Total renewable generation share in NEM — AER State of the Energy Market 2025: 42.7% renewable penetration in NEM (all renewables combined) vs Clean Energy Regulator Q3 2025: rooftop solar at 14.7% and utility-scale solar at 9.3% of NEM in Q1 2025. No conflict — the AER figure covers all renewables; the CER figures isolate solar segments. Both used for different purposes in the report.

Data gaps

Utility-scale solar installed capacity in GW is not isolated from total renewables capacity in available sources. NEM generation share (9.3%) is confirmed but total installed GW of utility-scale solar specifically was not available.

Annual solar-specific investment in AUD is not broken out from total large-scale renewable investment in any Tier 1 or Tier 2 source reviewed. The AUD 9 billion large-scale generation investment figure for 2024 includes wind, solar, and storage combined.

Company-level market share data (Neoen, Lightsource BP, AGL, Origin, SunCable) is not available from any named source in the research. No pipeline, revenue, or project count data by developer was accessible. Confidence on competitive landscape is LOW.

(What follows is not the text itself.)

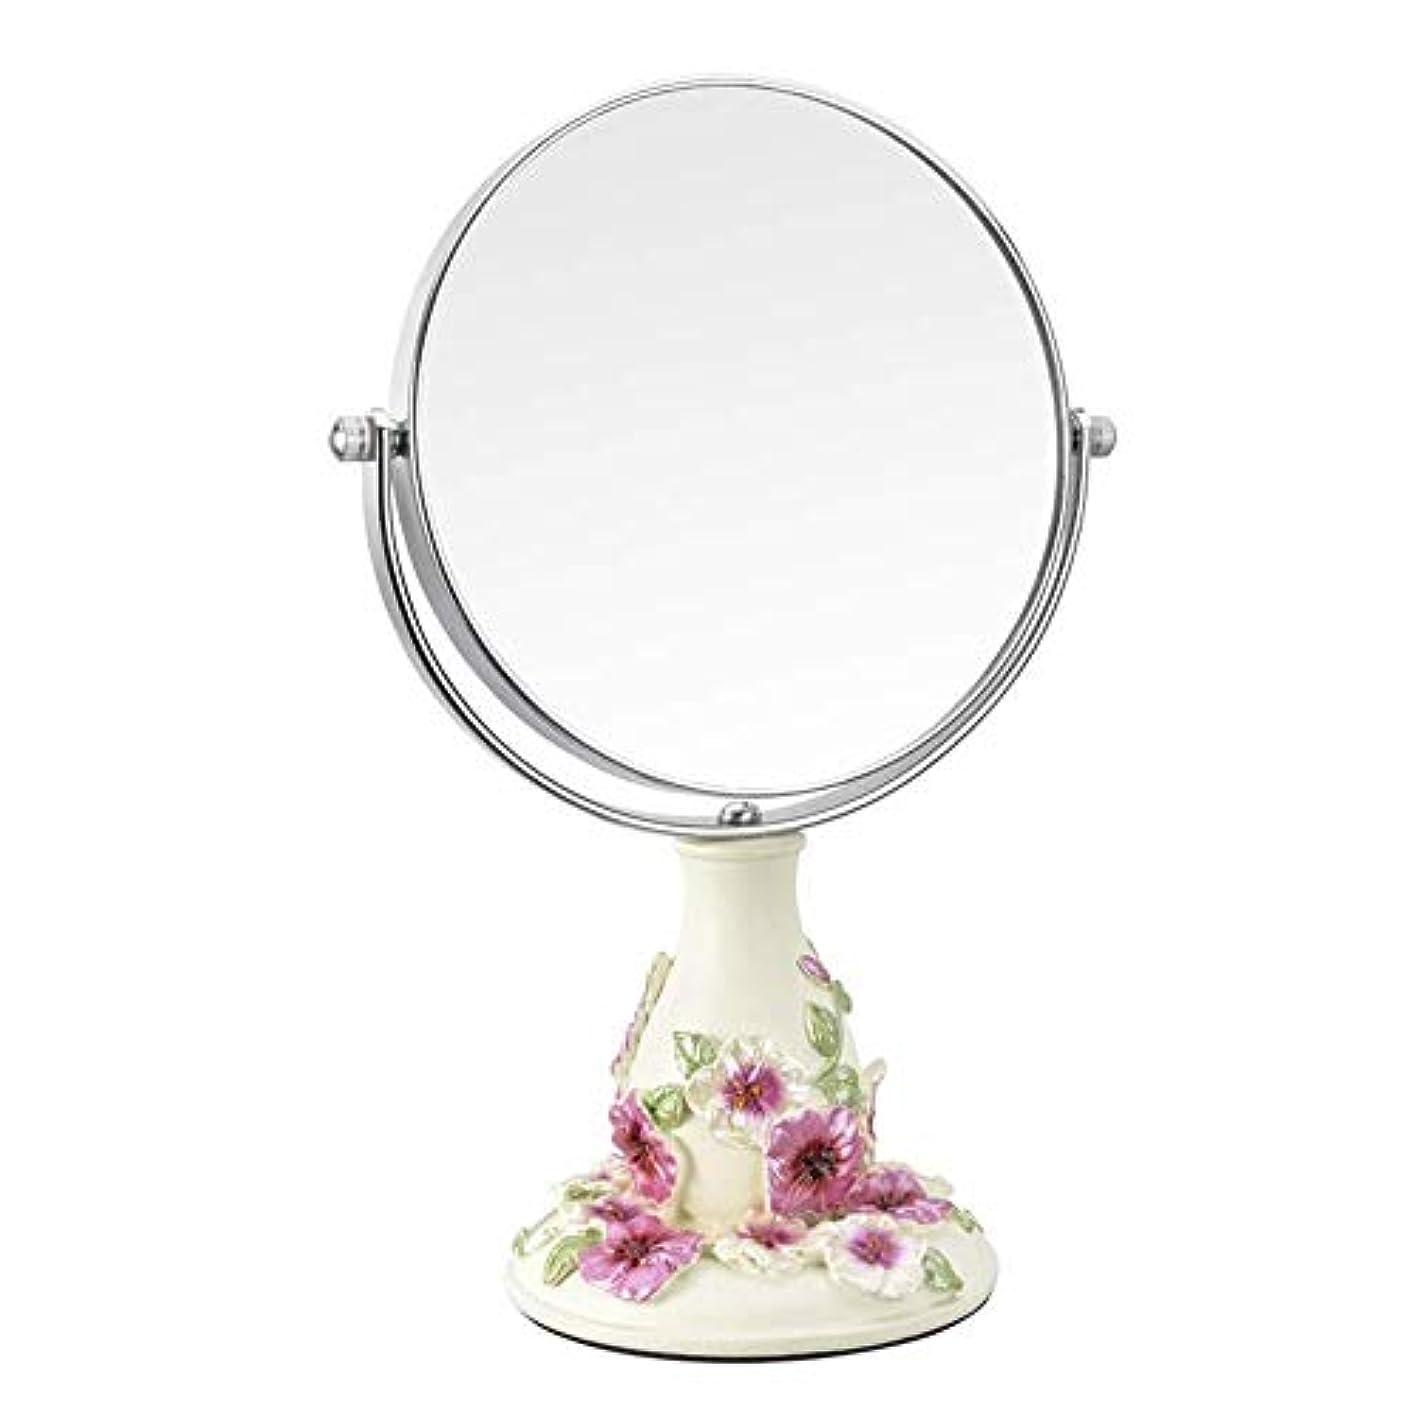 アプト郵便芸術的流行の ビンテージ化粧鏡、鏡360°回転スタンド、1倍と3倍の倍率、ラウンドダブル両面回転化粧鏡

Project-level IRR benchmarks and PPA pricing for utility-scale solar in 2025–2026 are not publicly disclosed in any source reviewed. Capital flows section is therefore limited to public financing institution data (CEFC) and cannot characterise private project returns.

State-level curtailment rates and AEMO network congestion maps by region were not available. This limits the specificity of the geographic constraints analysis. Relevant AEMO source data would require direct access to AEMO's 2026 ISP and connection queue reports.

No Tier 1 sources (McKinsey, BCG, Deloitte, PwC, Gartner, etc.) were present in the research provided for this report. All findings draw on Tier 1 government and regulatory sources (AER, CER, Climate Change Authority, CSIRO) and Tier 2 industry sources. Confidence ratings are capped accordingly.

This report is produced for informational purposes only. It does not constitute financial, legal, or investment advice. All data is sourced from publicly available information as at the date of research. Renatus Ventures makes no representations as to the completeness or accuracy of third-party data.